I am using Findbugs and other plugins to analyze Java files.
An Issue has been generated for a specific Findbugs rule, even though the source code has not been modified.
In addition, there were cases where the status was set to close on its own, even though no operation was performed on the screen.
I would like to know if the same thing happens with Findbugs rules or other plugin rules.
I would also like to know the conditions under which such cases occur, if you know them.
The specific rules are as follows
NP_GUARANTEED_DEREF_ON_EXCEPTION_PATH
Correctness - Value is null and guaranteed to be dereferenced on exception path
I am using the PMD and checstyle plugins, but I have not experienced the above events.
Version information
SonarQube 8.4.1
Sonar-FindBugs 4.0.2
First, I need to point out that your version is past EOL. You should upgrade to either the latest version or the current LTS at your earliest convenience.
Your upgrade path is:
8.4.1 → 8.9.1 → 9.0 (last step optional)
Regarding your FindBugs issue, I translate the rule key to “Guaranteed Null Pointer dereference on exception path”. Since this rule looks at more than just the location where the issue is raised, it’s likely that a change in the code leading up to the issue location caused a new issue to suddenly appear.
Regarding issues being closed, that’s a normal part of the issue lifecycle.
I will consider upgrading sonarqube.
I have also checked the issue life cycle.
Since this rule looks at more than just the location where the issue is raised, it’s likely that a change in the code leading up to the issue location caused a new issue to suddenly appear.
After this answer, I have three new questions.
For example, if an Issue is generated in aaa.java, does it mean to check multiple locations in aaa.java?
Or do you mean to check not only aaa.java but also the other bbb.java to detect the issue in aaa.java?
I think I understand the former, am I right?
This time, the Issue occurred even though I did not modify the source code in the package at all.

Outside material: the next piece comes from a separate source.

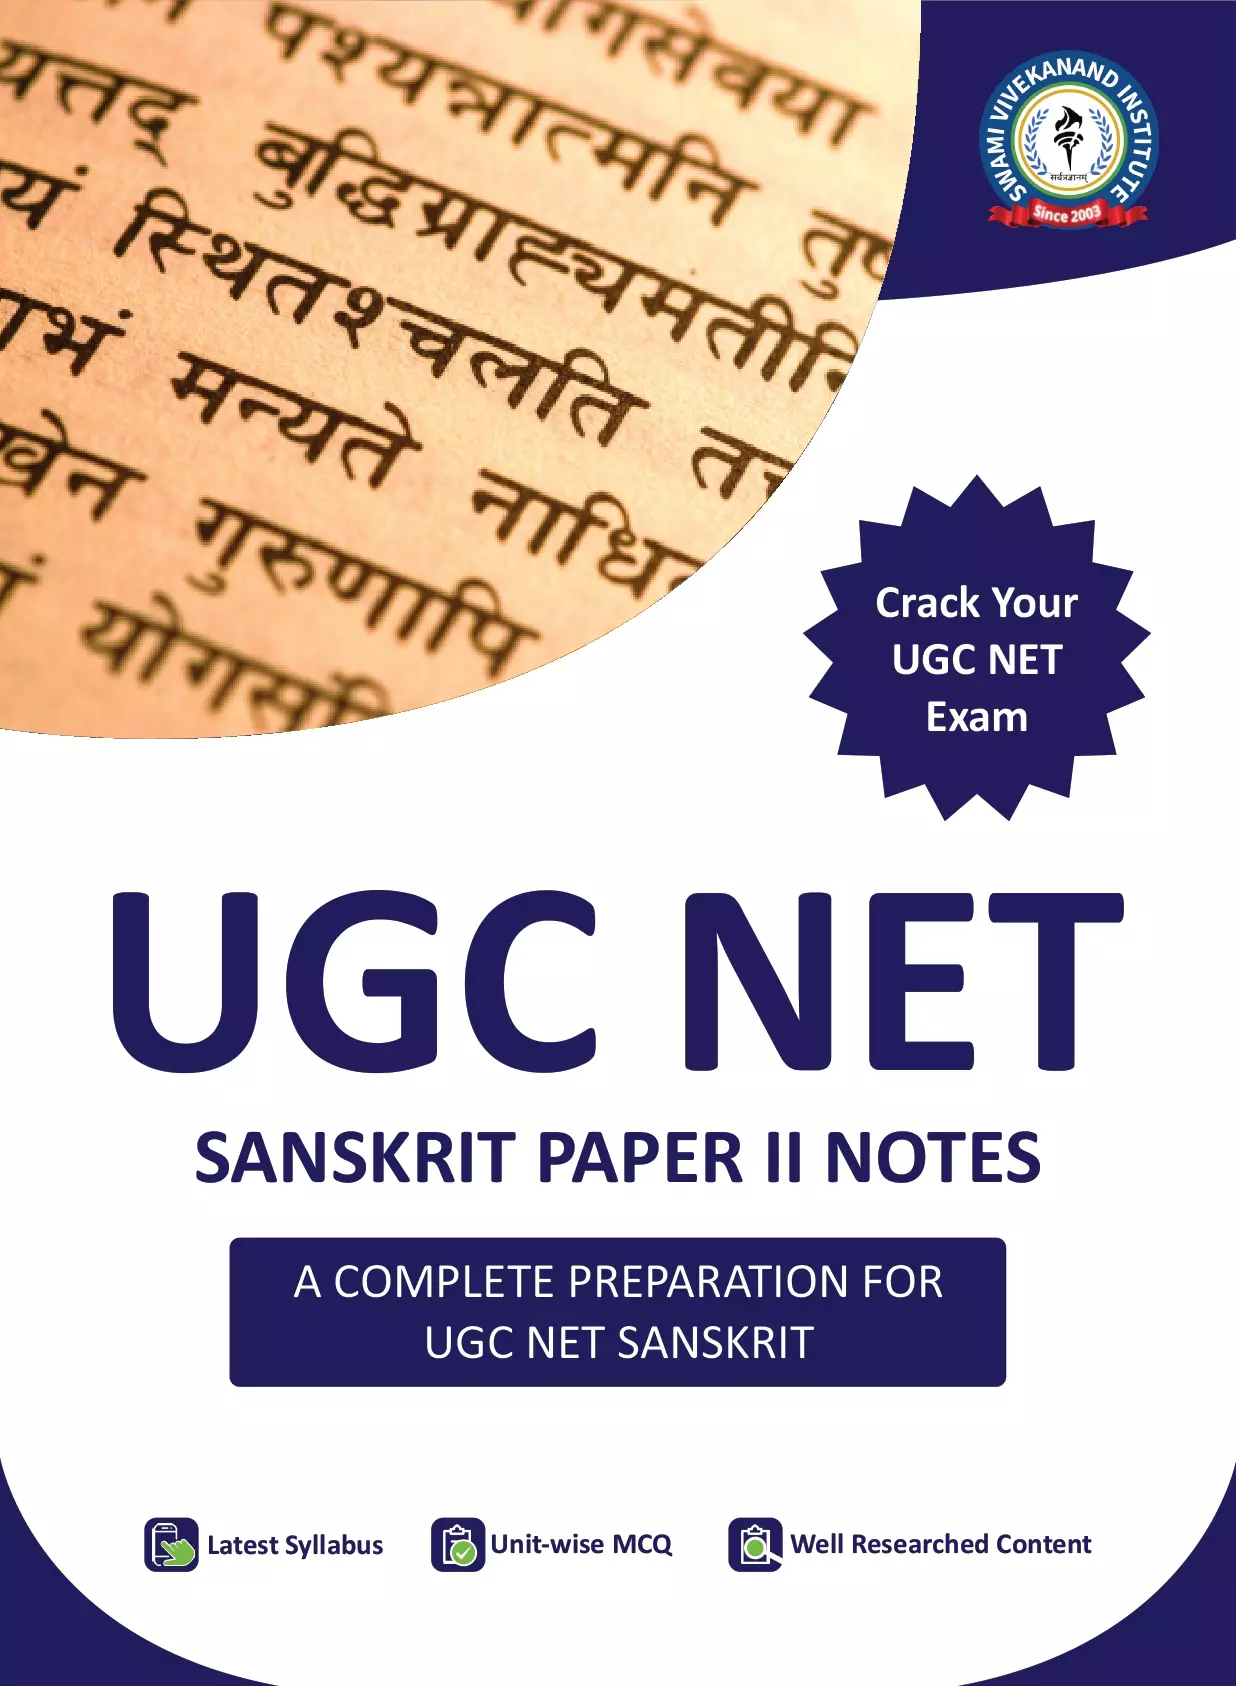 UGC NET SANSKRIT PAPER 2 NOTES

Is it possible for a new Issue to be generated in such a case?
The newly generated Issue is OPEN, then CLOSE, then repeat several times.
Have you ever encountered such an event?
I cannot tell the difference between this being normal behavior or not.
That’s a question about the FindBugs internals, which no one at SonarSource is qualified to answer. I can only say “probably” to this.
At this point I have to wonder if all your compiled classes and libraries are available to analysis every time. For SonarQube’s native Java analysis, I can tell you that when binaries are missing, analysis is less precise. I would guess it’s the same thing for FindBugs too.
I think the thing to do would be to look at your build/analysis log to see what - if anything - is changing from run to run and whether you get warnings some times but not others.
I assume that you have probably never encountered an event similar to mine.
I don’t have the log of when it happened, so I can’t check it now, but if it happens again, I’ll check the log again and see if there are any differences.
As pointed out in the previous answer, the problem may have been caused by an older version, so I will upgrade the version and observe the progress.